** EXERCISE OBJECTIVE **
In the entries below, find the line with "Werbung Piano- und" and the line with "Emoji Pillow soft". Repeat exactly everything between them, those two lines included, but not the pictures.

MATERIAL TO PROCESS Start Marker

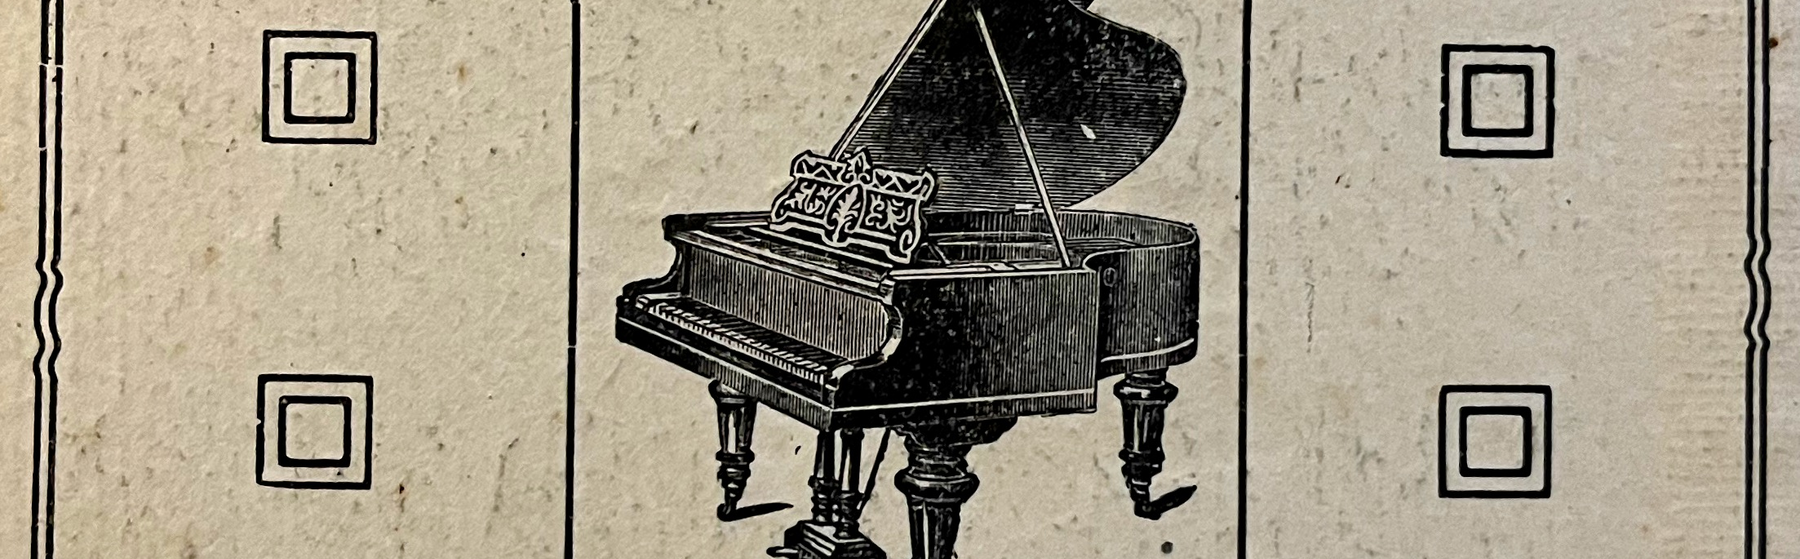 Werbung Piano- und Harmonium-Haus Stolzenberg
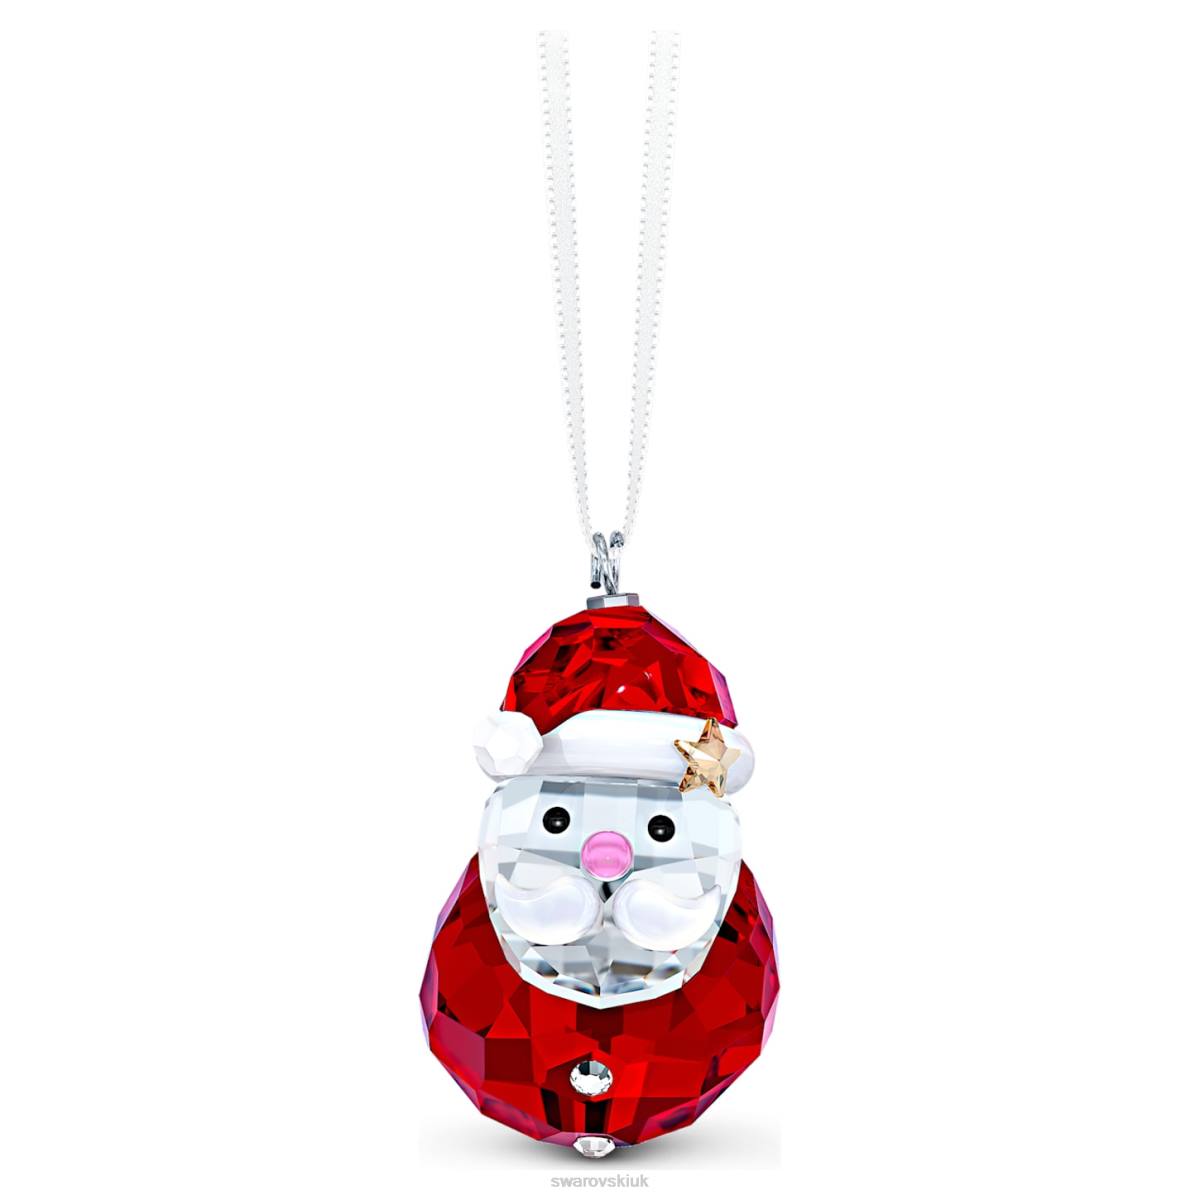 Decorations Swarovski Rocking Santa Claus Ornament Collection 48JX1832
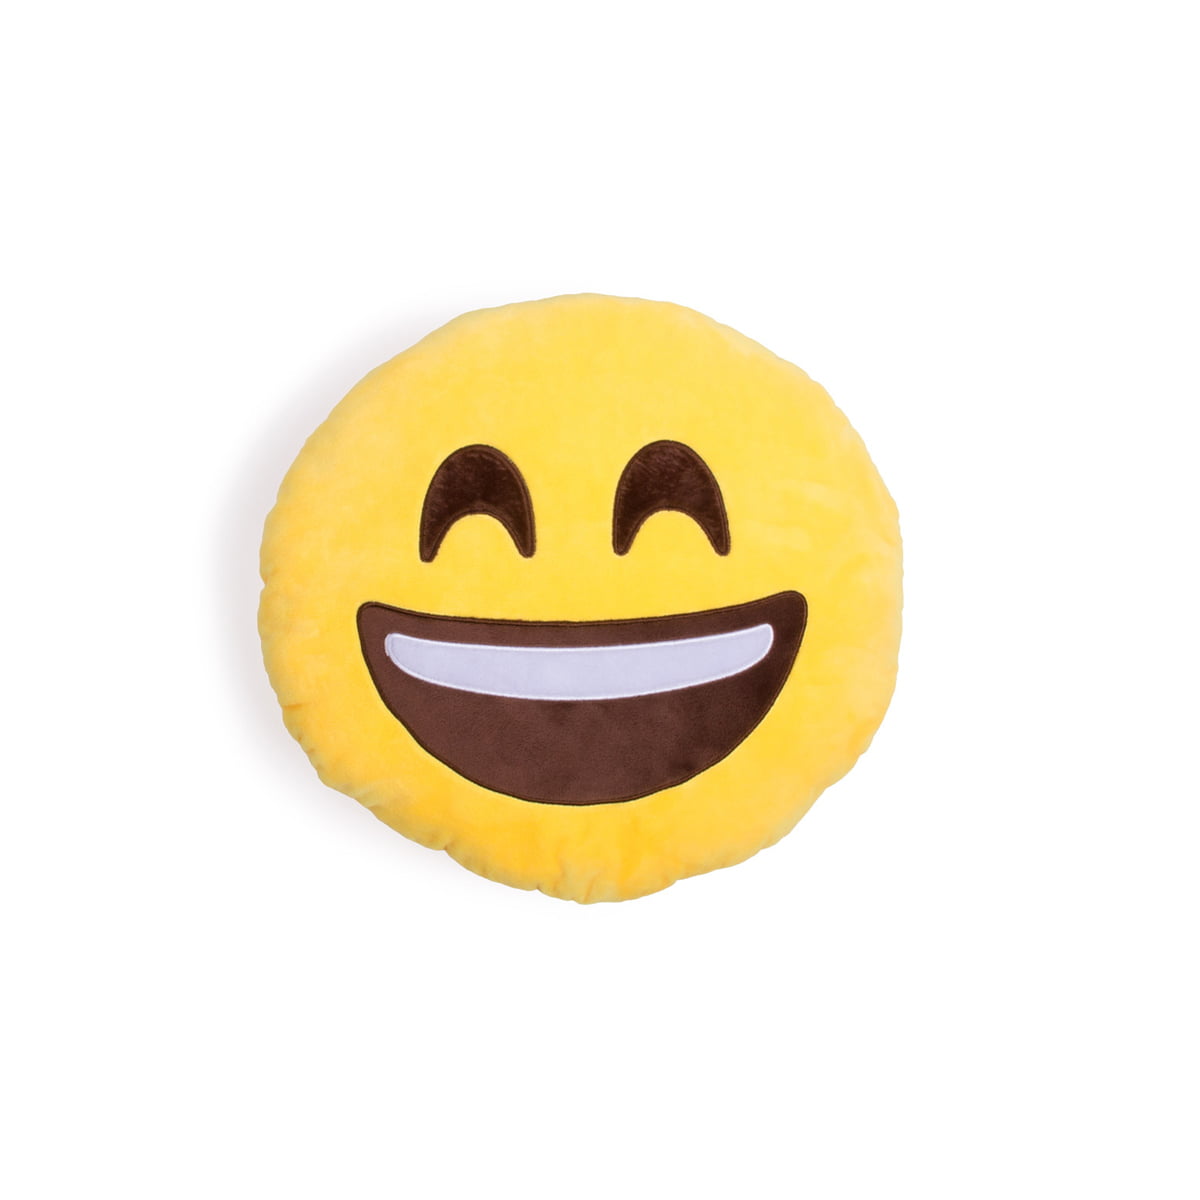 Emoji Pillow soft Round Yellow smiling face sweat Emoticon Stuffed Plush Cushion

MATERIAL TO PROCESS End Marker
MATERIAL TO PROCESS Start Marker

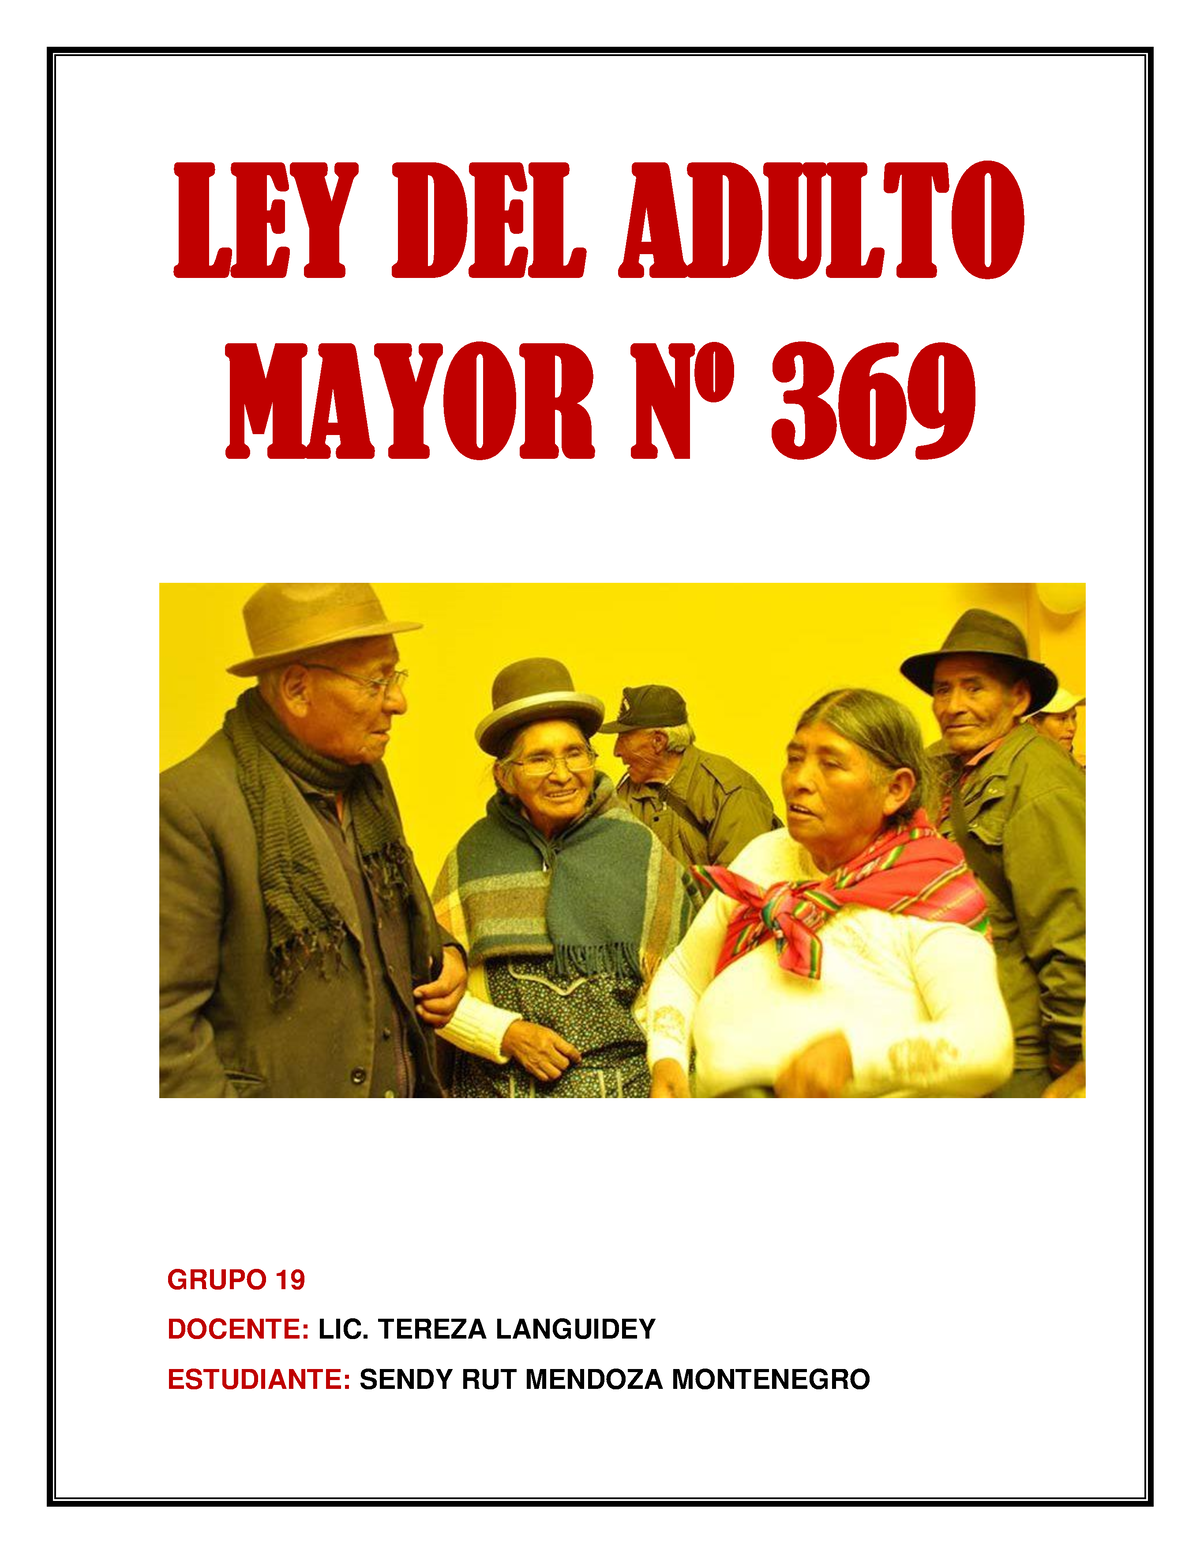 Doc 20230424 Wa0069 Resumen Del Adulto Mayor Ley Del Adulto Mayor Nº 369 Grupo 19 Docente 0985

MATERIAL TO PROCESS End Marker

** RESULT OF THE TASK **
 Werbung Piano- und Harmonium-Haus Stolzenberg
 Decorations Swarovski Rocking Santa Claus Ornament Collection 48JX1832
 Emoji Pillow soft Round Yellow smiling face sweat Emoticon Stuffed Plush Cushion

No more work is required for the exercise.